Glen Grant distillery was founded in 1840, in a town of Rothes. It was an almost ideal place for a distillery, it had good supply of water for the mash and to power the machinery, it had a seaport in its proximity and easy access to supplies of barley from nearby Moray. Shortly after the original founders of the distillery died, it was taken over by James 'The Major' Grant, after whom the whisky to be reviewed is named. There are many stories about 'The Major' circulating around, most of them portray him as innovative and unconventional man. He designed the tall slender stills that remain the trademark of the brand to this day and give Glen Grant line of whiskies its own characteristic mild nature. Glen Grant brand continued to grow, being eventually taken over by Pernod Ricard in 2001 for a brief period of time and now it's in hands of Campari, what might be the reason it ended up being best selling scotch in Italy.

The packaging is simple and neat, describing the whisky as 'seductively smooth, fruity and rich' below the logo and 'soft, fresh vanilla note and hazelnut finish' below the name of this particular whisky. Well we will see about that. Personally, I'm not in favor of tasting notes on packaging, as it might give preconceptions and expectations that can modify the whisky tasting experience. It's hard to resist trying to find tasting notes they describe rather than focusing on what you really should - the overall tasting experience. But the package doesn't stop at that. On its back, after giving some history and telling us who 'The Major' was, continues: 'Glen Grant The Major's Reserve displays a light golden colour with a soft bouquet of delicate apple note. This superb Single Malt offers a fresh and vanilla palate with a slightly dry and hazelnut finish'.
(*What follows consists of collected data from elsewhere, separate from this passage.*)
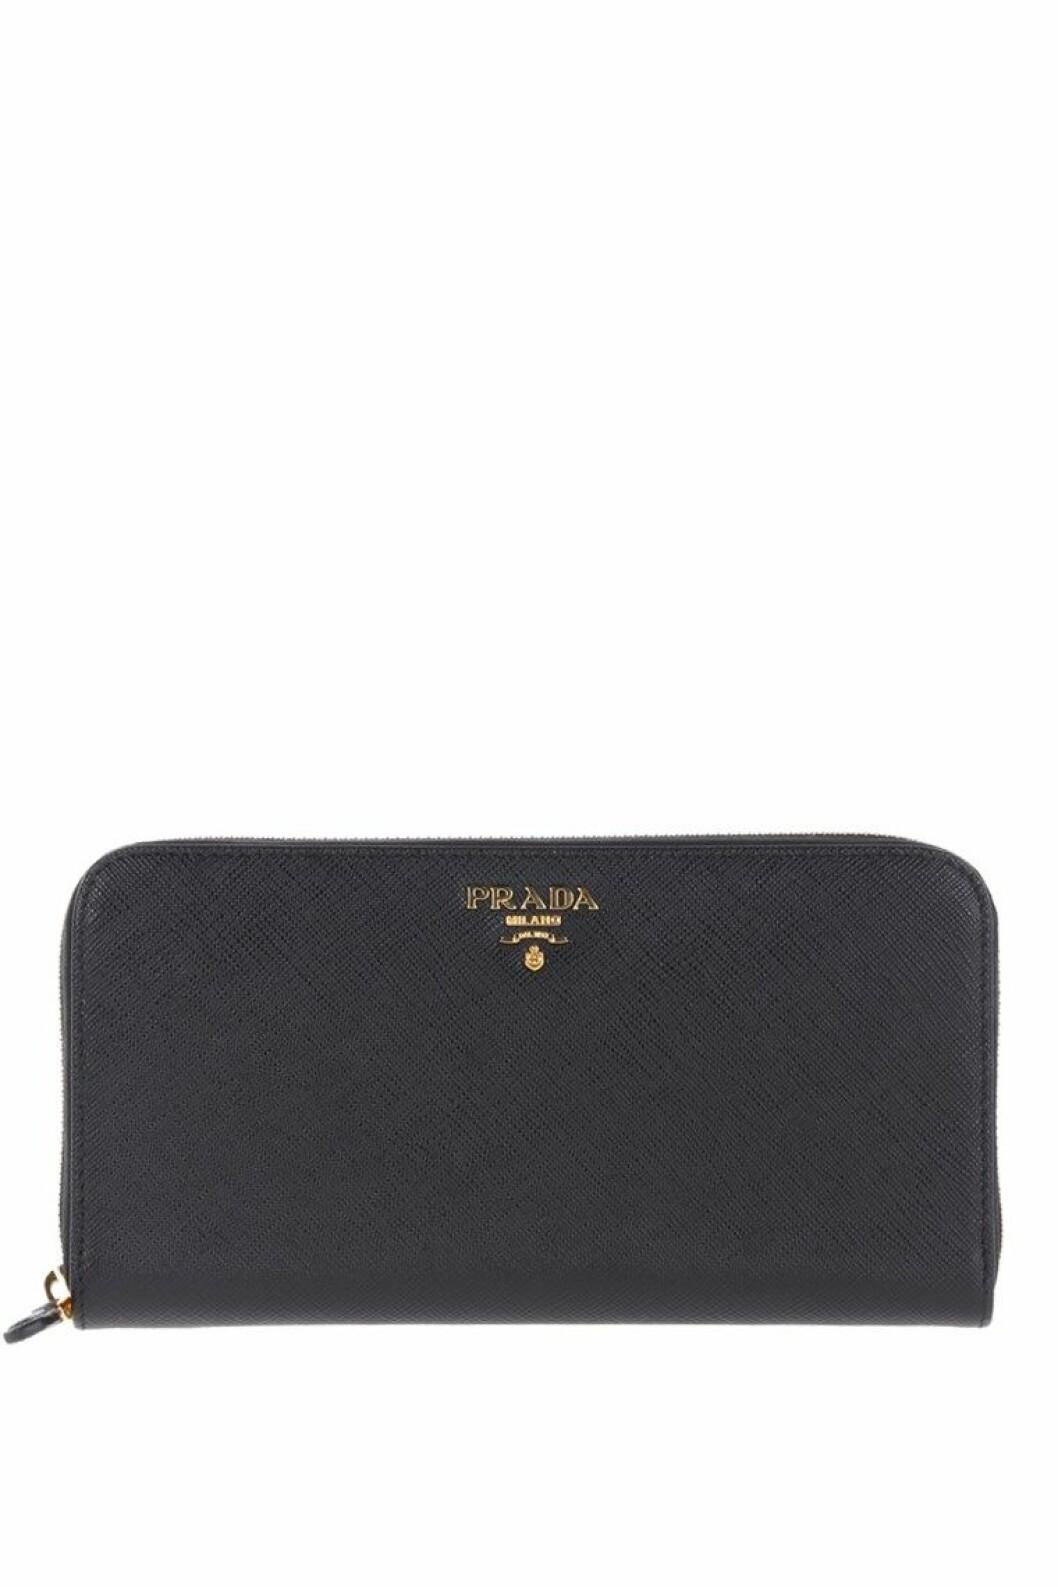 Plånbok från Prada
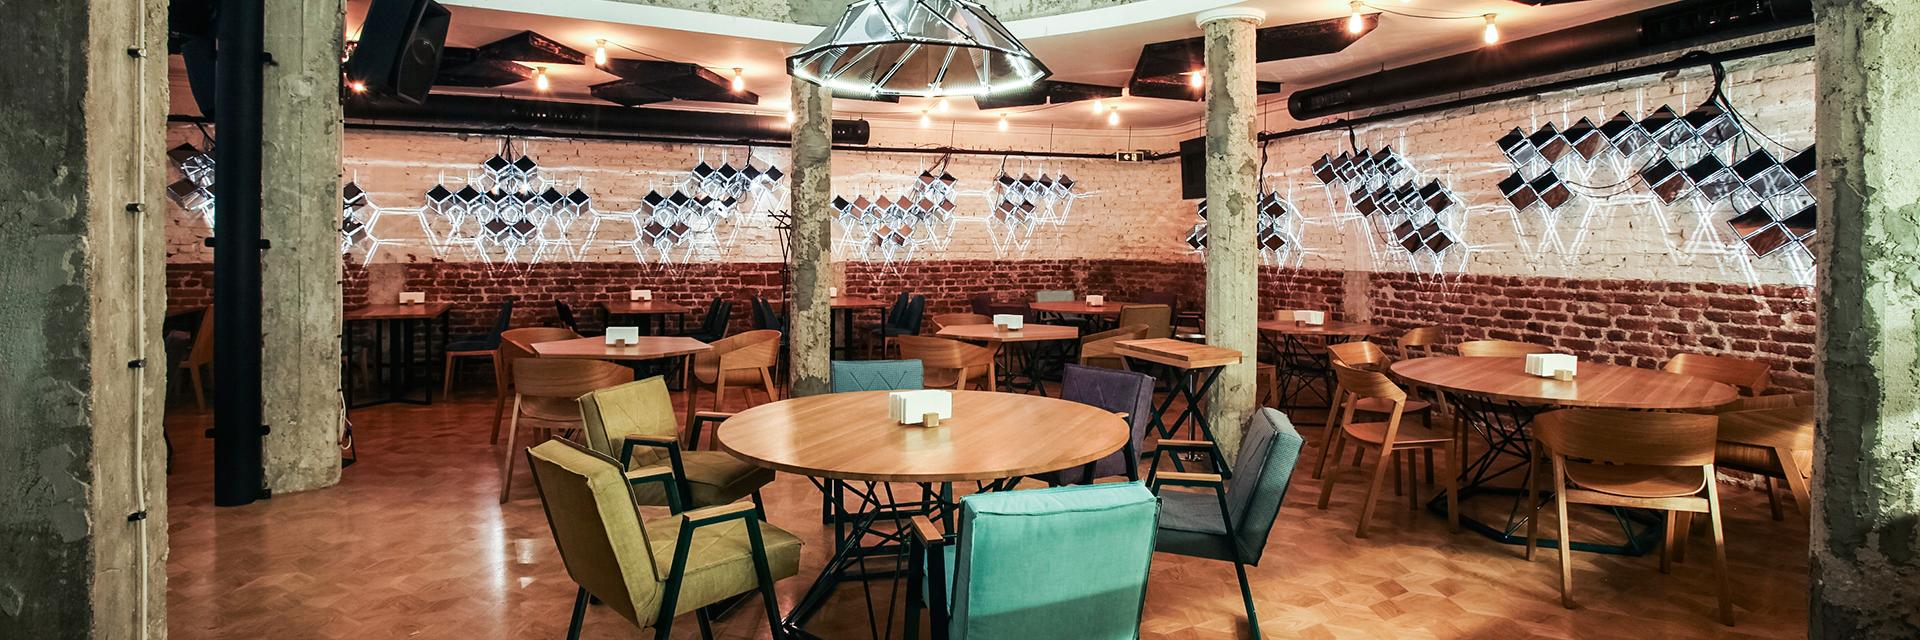 cosmos, restaurant design, gourmet restaurant
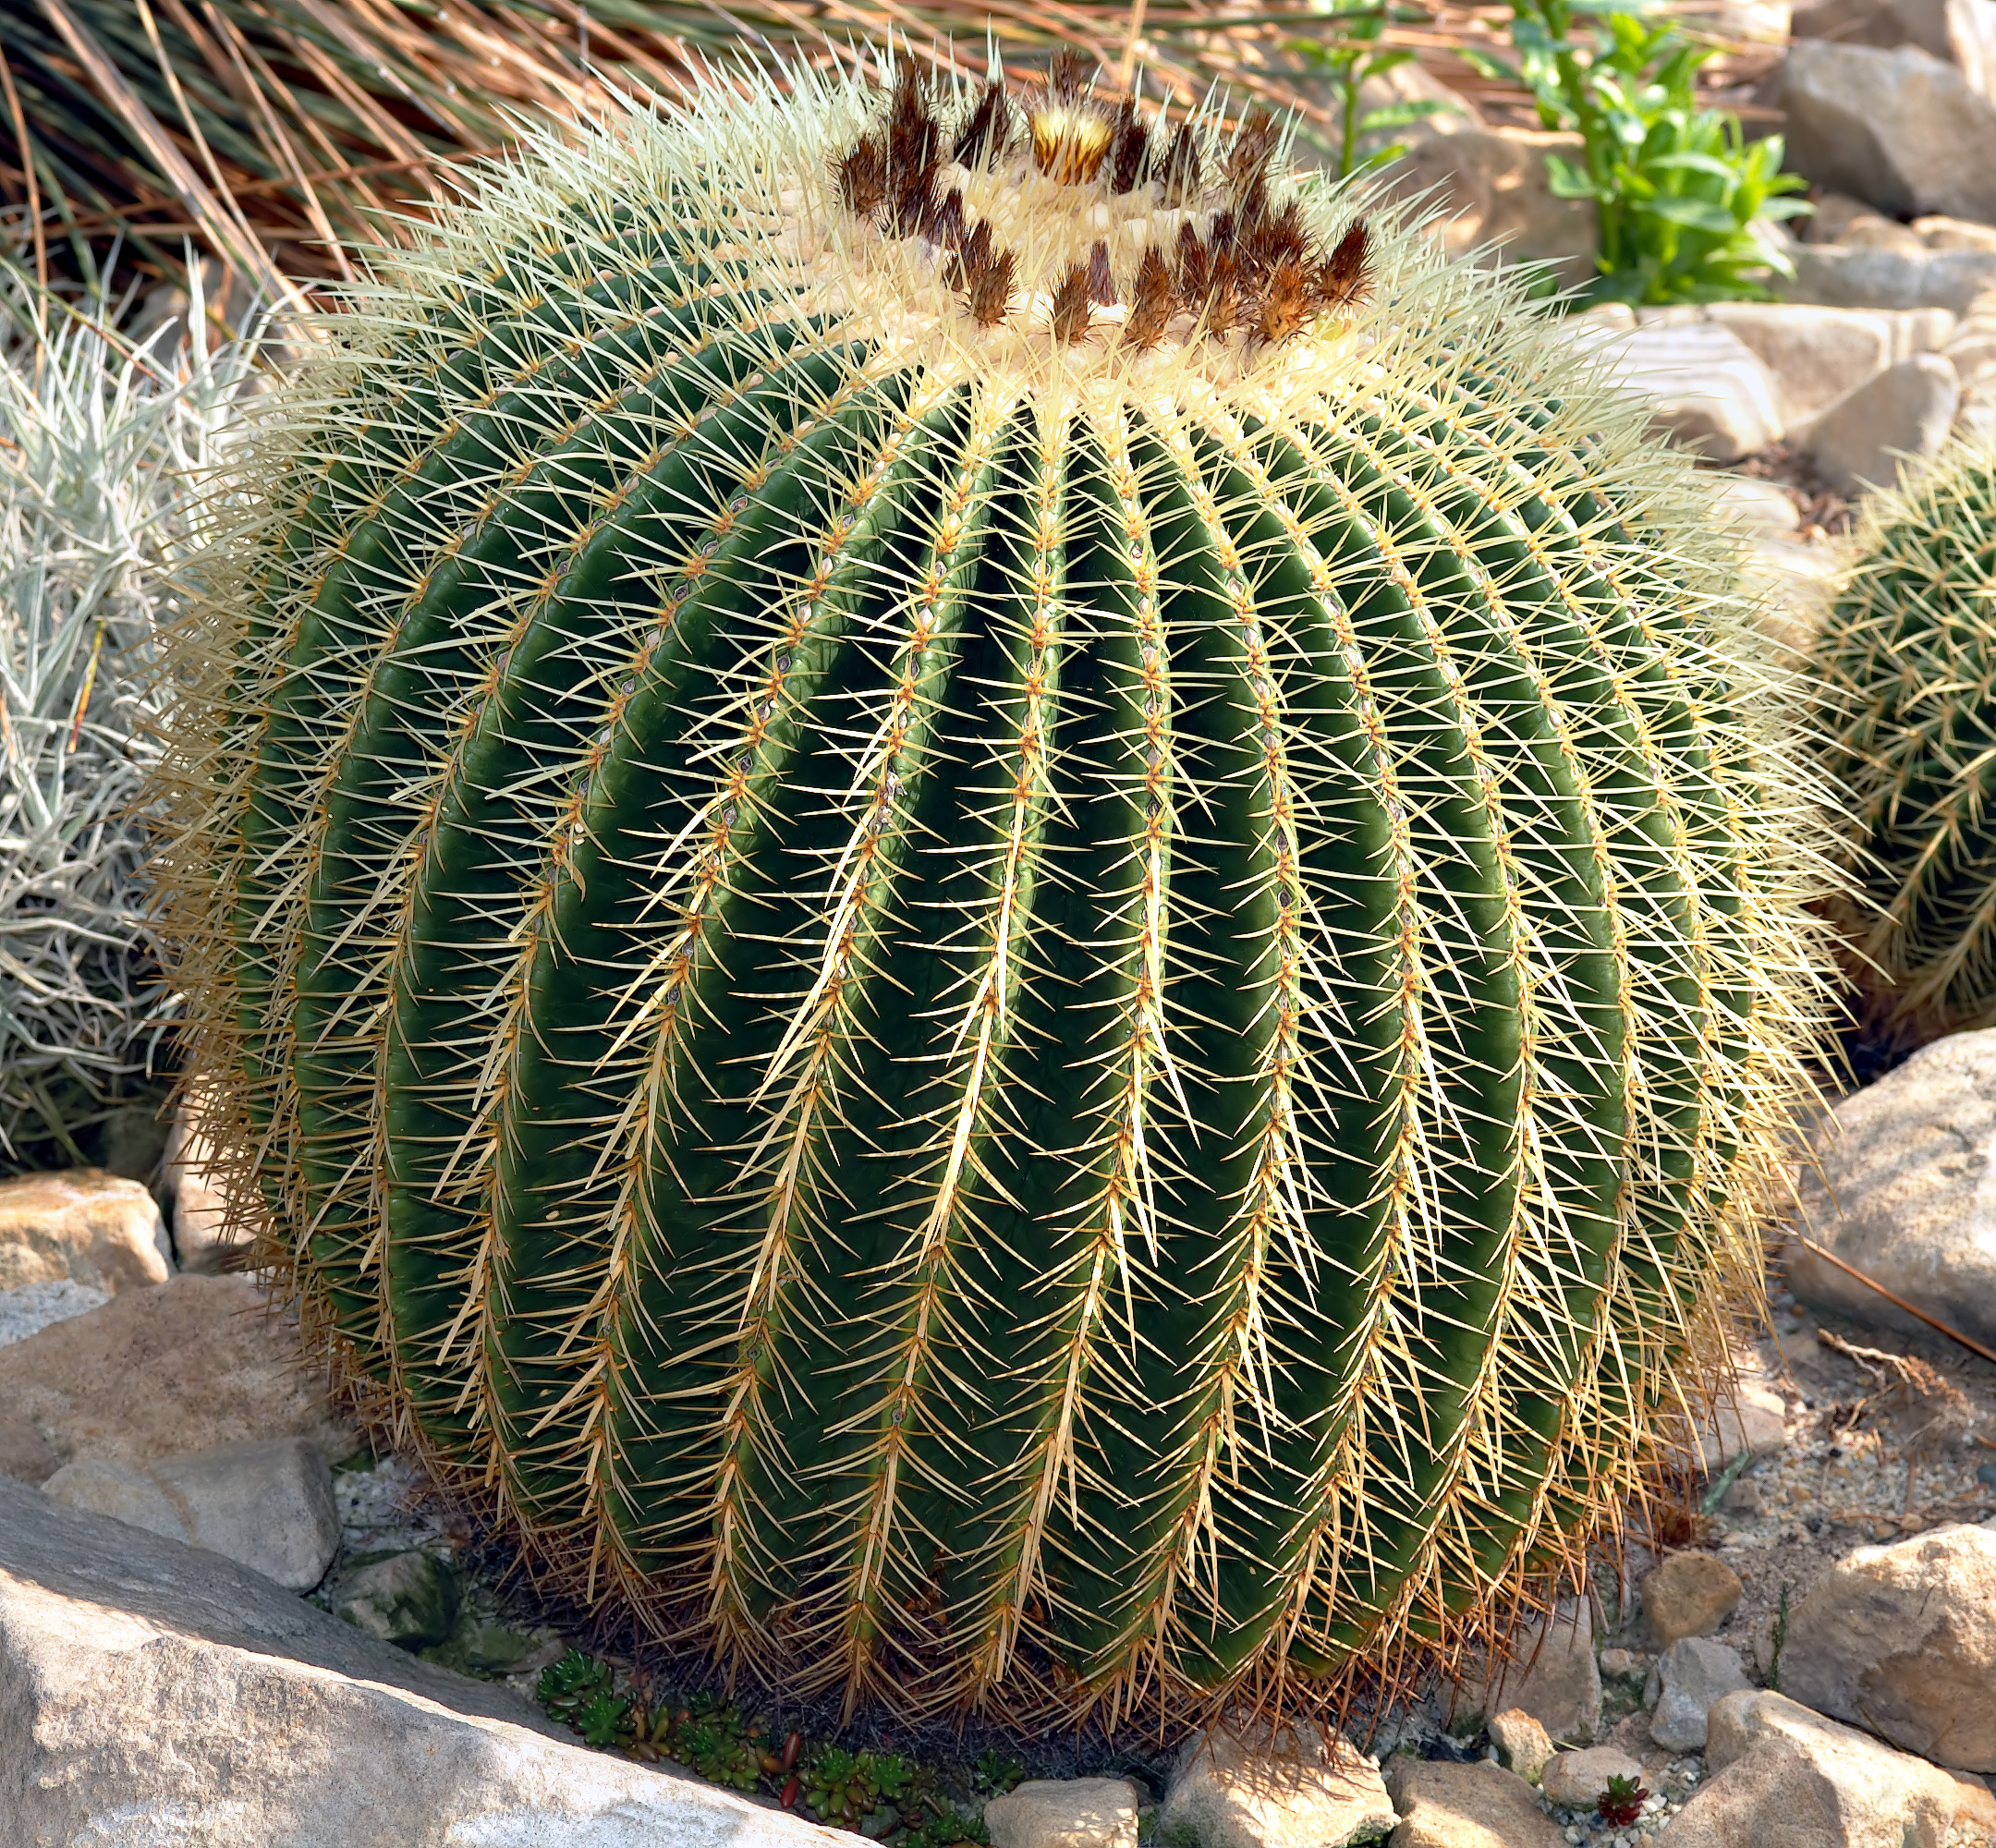 Echinocactus Grusonii – Coussin de belle mère

This whisky gives no age statement and is an entry-level Glen Grant. It's bottled at 40%, and clearly uses caramel as source of its light golden color (caramel E150A is the only additional ingredient scotch is allowed to have), thus any judgement based on the color would not hold any weigth, as goes for (almost) all scotch whiskies. Unscrewing the cap (yep, it's a screw one) immediately hits me with strong vanilla aroma. Nice! Time to pour it in two glasses, one with and one without water.

On the nose: the vanilla is still clearly present. Surprisingly, I pick apple juice or cider immediately as the second most prominent aroma. So the description on the package was right and they don't take customers as fools. The glass with added teaspoon of water opens up, but it needs some time to do so - the result is less vanilla and more fruity notes, almost completely cider by now. Leaving it to open up a little more brings vanilla back.

Tasting: this is definitely a soft whisky. Initial taste is soft, sweet vanilla that slowly develops and shows less sweet notes. I suppose you could call it hazelnut finish, like the packaging says, although I don't agree with this one as much as with vanilla an apple tones. Water brings more vanilla and sweetness and a bit less complex, although still a little nutty finish.

This is a nice entry level budget whisky. It's a bit one dimensional, but it delivers exactly what it promises. I can't make up my mind wether added water benefits this whisky or not. While it makes it more pleasant to drink, it cuts its already smaller complexity. It's always up to you to decide in the end. I'll drink this one without water.

I give this whisky 3.5/5
It's by no means a bad grade, its a nice average whisky, especially compelling when you consider its price.


----------